Lots of folks are impressed by the more than 18 million NPR podcast downloads since August 2005, including me. That's a lot of downloads in the podcasting world. But it represents a tiny amount of public radio listening.
All those downloads came over a period of about 32 weeks -- August through March. Over that same period, listeners tuned to public radio stations 6 billion times. (27,000,000 weekly listeners * 7 tune-ins per week * 32 weeks)
Podcasting downloads represent 0.3 percent of all public radio tune-ins.
It's a mighty big assumption that all of those downloads are actually heard and that they are replacing current listening. For all we know, those downloads are enhancements to the users' current public radio listening. Some of those downloads are likely to be from listeners not in the weekly Cume.

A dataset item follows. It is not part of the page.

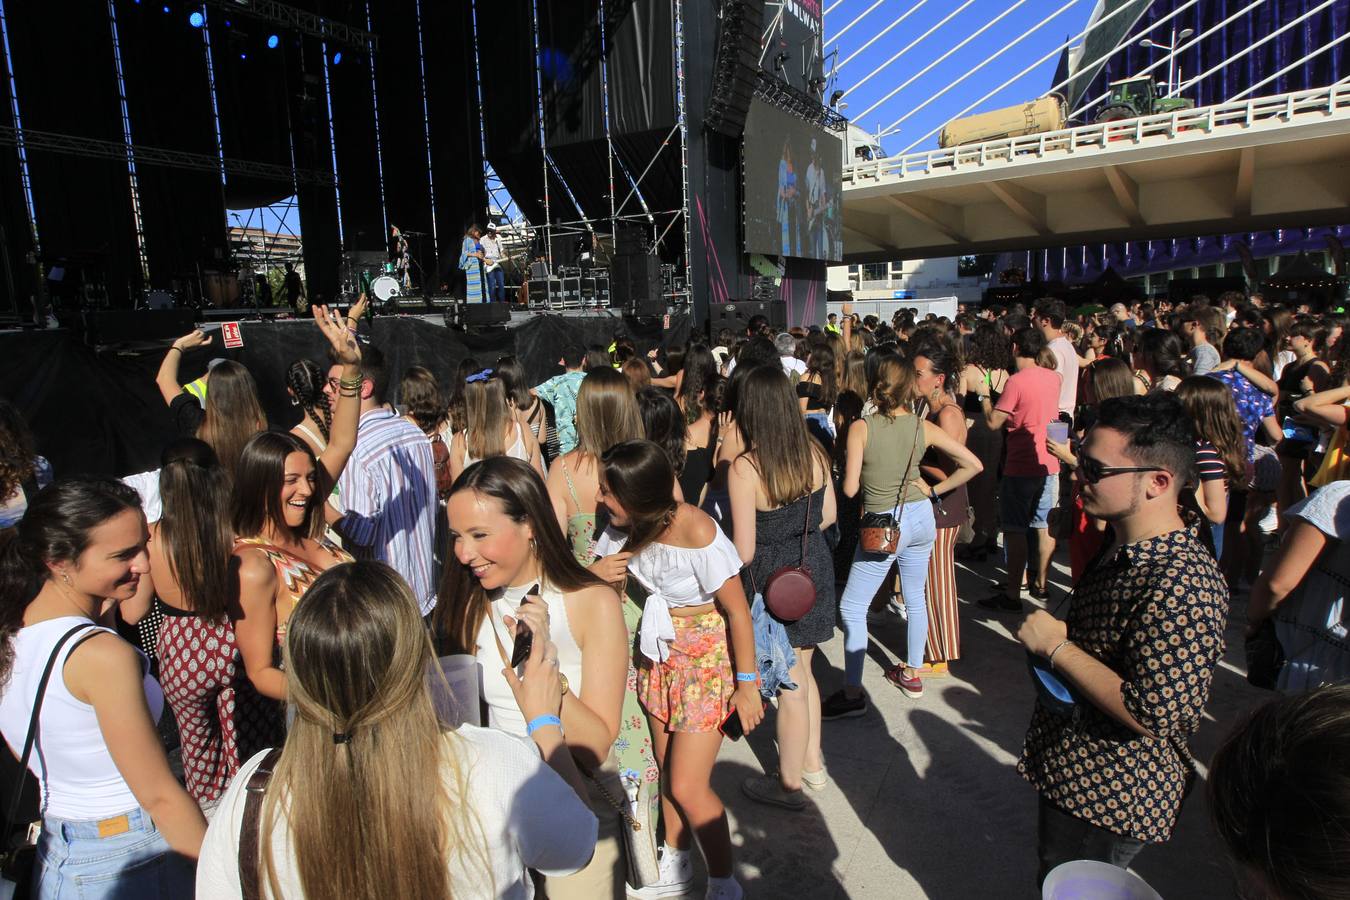 La Ciudad de las Artes y las Ciencias de Valencia acoge este 7 y 8 de junio a miles de fans de la música y a cientos de artistas para dar la bienvenida al verano

Even at 10 times the current number of downloads, podcasting will have a minimal effect on the size of the traditional public radio audience. The more immediate issue facing public radio is the long-term collective effect of podcasting, satellite radio, and soon, wireless broadband.
If public radio stations are going to lose a meaningful amount of listening (and money) to programming on new delivery platforms, the first hit is going to come from listeners' combined use of podcasting, satellite radio, and wireless broadband.
While it is important to have a strong presence on each of these platforms, that's not the first line of defense. The single most important action we can take to protect current audiences is strengthening the current programming on individual stations. For even 10 years down the road, radio will account for the most significant portion of our audience and revenues.